How to Debug Playwright & Puppeteer Automations With Effective Logging

August 30, 2024

contents

You can’t conduct browser automation tasks without good logging capabilities. Too often, developers run into issues like:

Bot detection tools that block automation tools
Failure to execute complex browser tasks (like multifactor authentication)
Infinite timeouts when pages don’t load properly

Unless you log these errors, you won't know what's wrong, increasing the time to find the root cause of the issue. That's why you should add logging capabilities to your Puppeteer or Playwright scripts.

This may sound obvious, but we’ve helped lots of Browserless users running automations with minimal or non-existing logging.

If you're wondering how to set them up and use them properly, in this article, we'll explore:

How to effectively log and debug in Puppeteer and Playwright
Common mistakes developers make when logging, and how to avoid them
Advanced tools and best practices for managing logs and troubleshooting errors

Why do logging and debugging matter for browser automation tasks?

When you're scraping data from websites or automating browser tasks, many things can go wrong: pages fail to load, redirects happen, or a site's structure changes. Without logs, identifying what caused these issues becomes significantly more complicated.

It’s tempting to rely on error messages, but they often don’t give enough content to successfully debug a problem.

For example, an error might tell you that a web element was not found, but it won't explain if the page was slow to load or if a redirect caused the problem. That’s where using logging and a debugger comes in.

Think of them as two sides of the same coin:

Logs let you capture the specific details such as error codes and load times
Debugging tools let you view a script running, including network requests and page interactions.

So they’re both critical if you’re automating browser tasks.

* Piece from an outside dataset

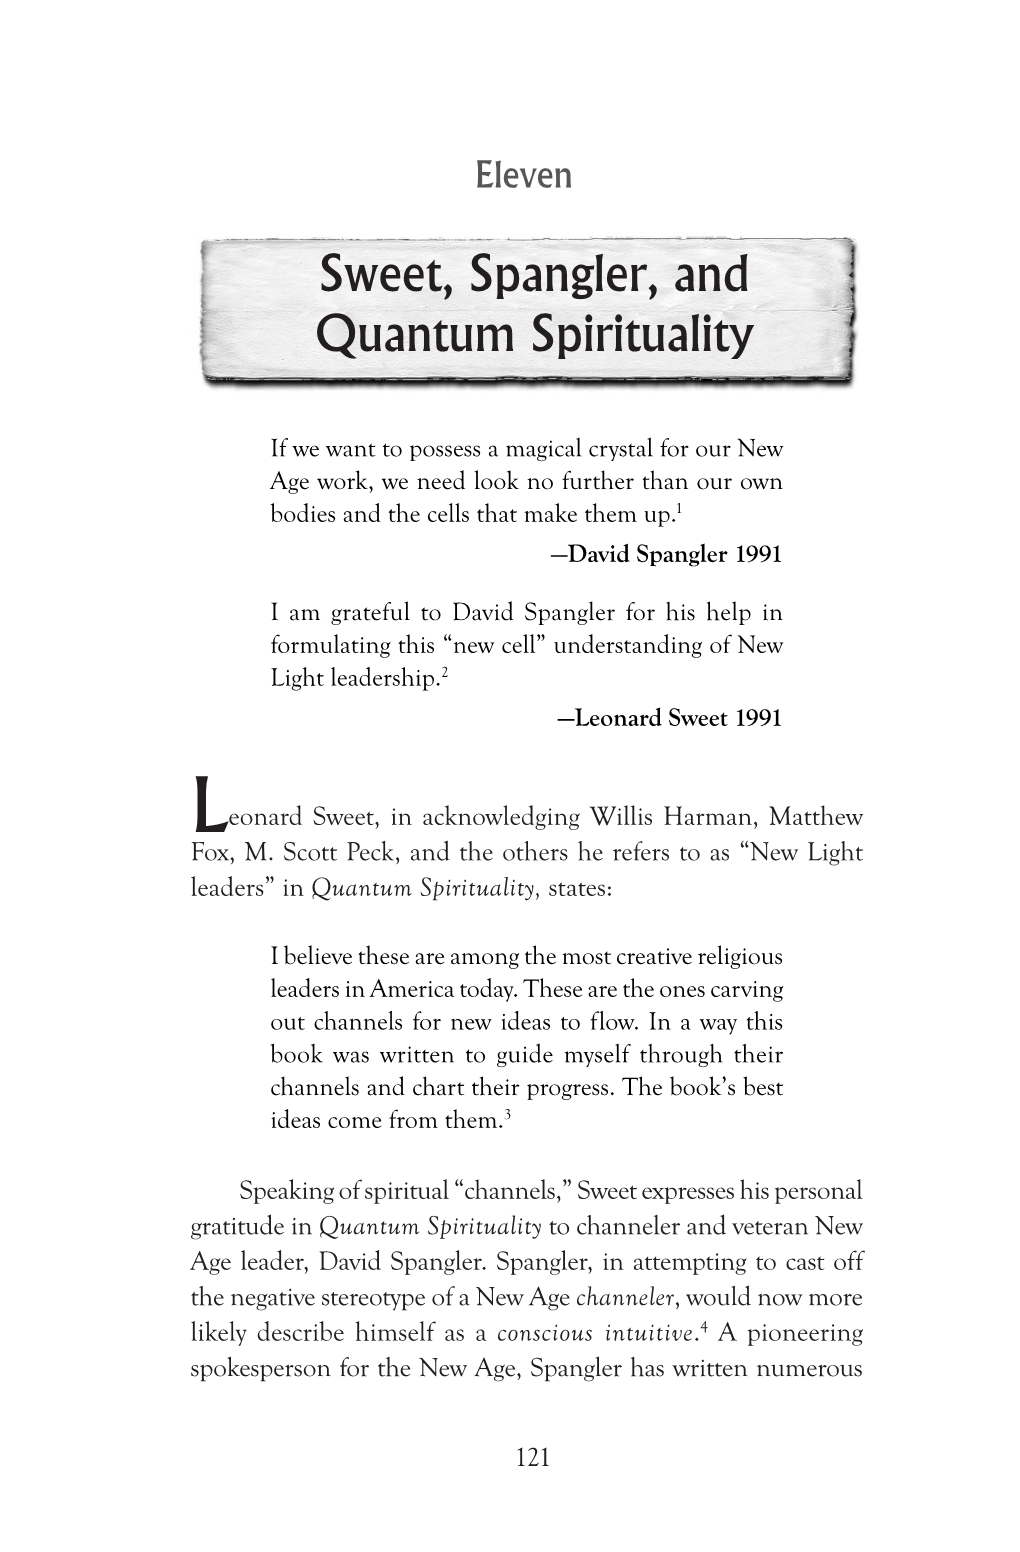 Sweet, Spangler, and Quantum Spirituality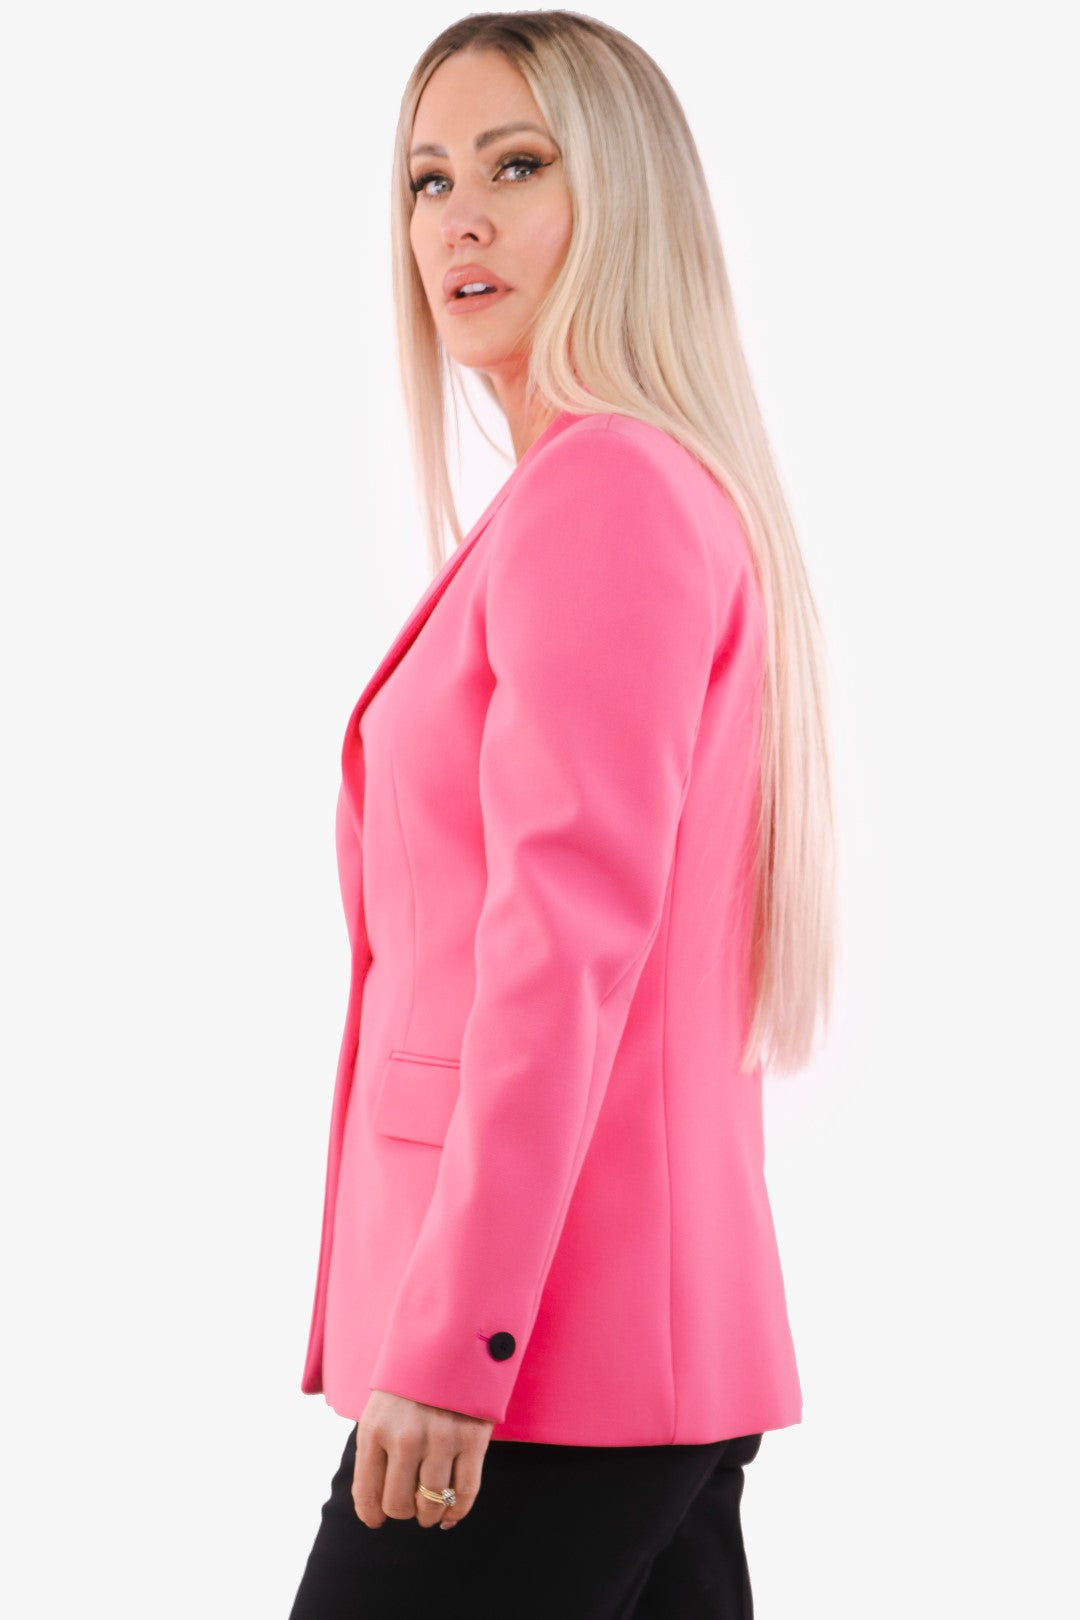 Jacket Atana Hugo Boss in Pink color

Four browser automation issues that logging uncovers

But what issues can you expect during task automation that logging can help you debug? Let’s look at the most common errors:

1. Page redirects and bot blocks

Your automation might get redirected, such as due to website issues or by a bot-detector such as Cloudflare. These mechanisms can prevent your script from reaching where it’s meant to go.

Without logging the final URL, it is hard to discover that the automation failed due to a redirect such as being sent to a CAPTCHA page.

We would recommend logging the final URL and response code status, with a simple log like this:


const response = await page.goto('https://ecommerce-site.com');
console.log(`Final URL: ${response.url()}, Status Code: ${response.status()}`);

This log helps you identify whether your script was redirected to a bot challenge or if the site returned an unexpected status code.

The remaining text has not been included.